4. En deuxième lieu, aux termes de l'article 4 de l'arrêté du 22 août 2014 : " Il est constitué un jury académique par corps d'accès de cinq à huit membres nommés par le recteur. /Le recteur ou son représentant préside le jury. /A la demande de son président, le jury peut se constituer en groupes d'examinateurs en fonction des effectifs. /Le vice-président et les autres membres du jury sont choisis parmi les membres des corps d'inspection, les chefs d'établissement, les enseignants-chercheurs, les professeurs des écoles et les formateurs académiques. /Le jury académique est composé de membres qui ne sont pas affectés dans l'établissement d'enseignement supérieur chargé d'assurer la formation des stagiaires de l'académie ". Aux termes de son article 6 : " Le jury entend au cours d'un entretien tous les fonctionnaires stagiaires pour lesquels il envisage de ne pas proposer la titularisation ".

5. D'une part, les dispositions de l'article 4 de l'arrêté de 2014 précité n'imposent pas que l'un des membres du jury académique soit un formateur académique. Il s'ensuit que M. E A ne saurait utilement soutenir que la composition du jury académique serait irrégulière en l'absence de formateurs académiques en son sein.

6. D'autre part, il résulte de la combinaison des dispositions précitées que le professeur stagiaire, qui doit être entendu par le jury académique avant tout avis négatif quant à sa titularisation, peut faire l'objet d'un entretien par un groupe d'examinateurs au sein du jury académique et non par l'ensemble de ses membres.
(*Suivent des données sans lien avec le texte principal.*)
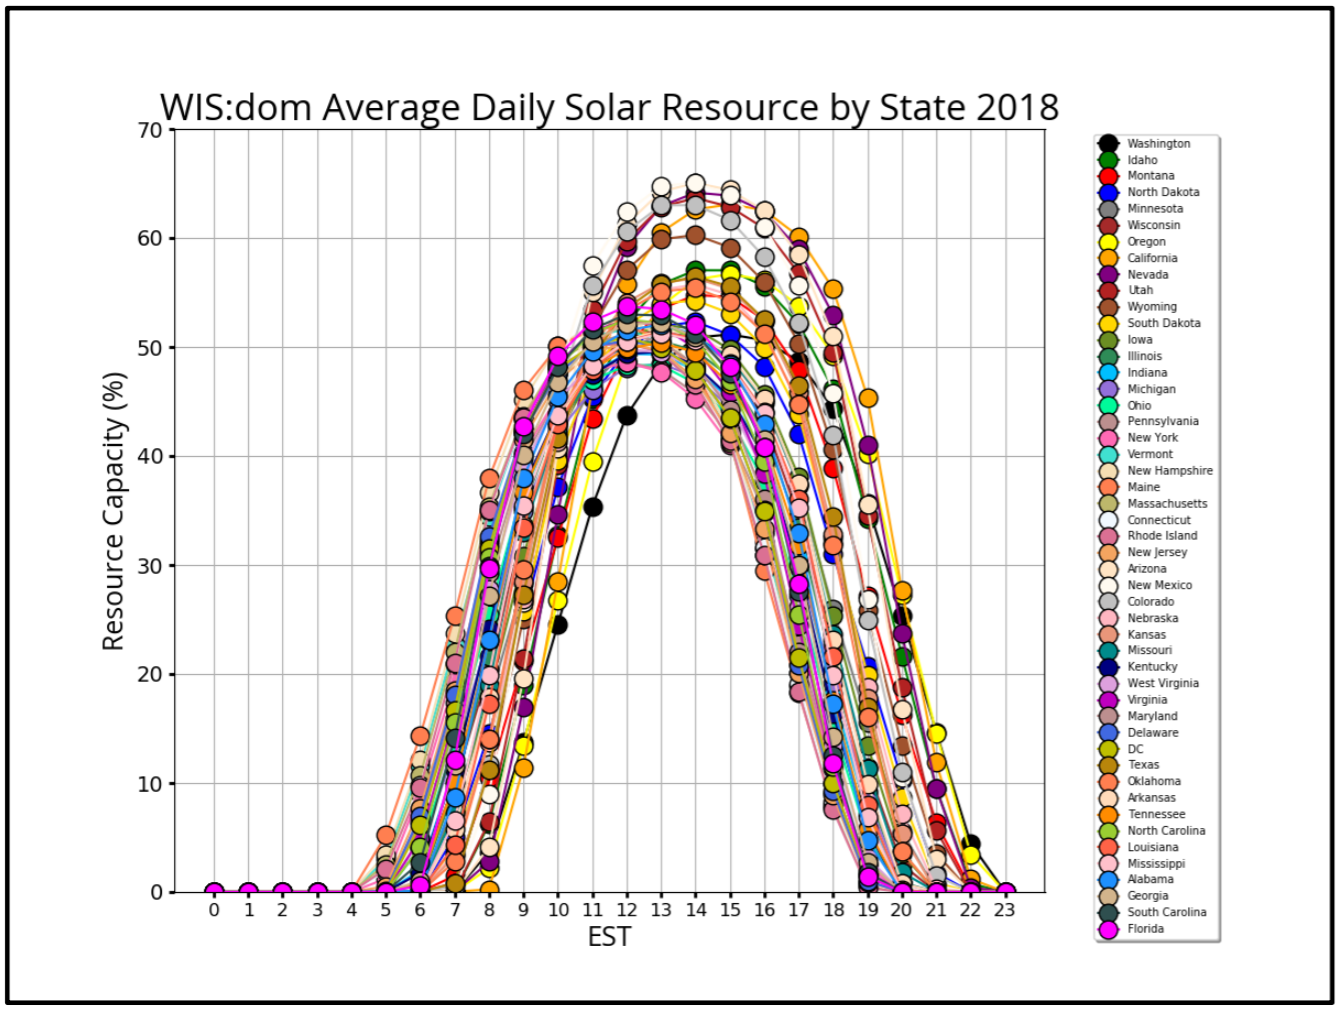 Figure 4.40: The 2018 average hourly solar resource capacity for each state

7. Aussi, et à défaut de contester que les personnes ayant réalisé cet entretien n'étaient pas membres du jury académique, M. E A n'est pas fondé à soutenir que l'avis du jury académique serait entaché d'un vice de procédure dès lors qu'il n'a pas été auditionné par l'ensemble des membres du jury académique.

8. En dernier lieu, il ressort de la lecture de l'avis du jury académique du 12 juillet 2021 que ce dernier s'est prononcé défavorablement sur l'intérêt d'autoriser le requérant à effectuer une " année complémentaire de formation " afin " d'atteindre le niveau de compétences requis pour l'entrée dans le métier du professorat ". Par suite, ce moyen tiré de l'absence d'avis complémentaire sur l'intérêt d'une seconde année de stage manque en fait et doit, pour ce motif, être écarté.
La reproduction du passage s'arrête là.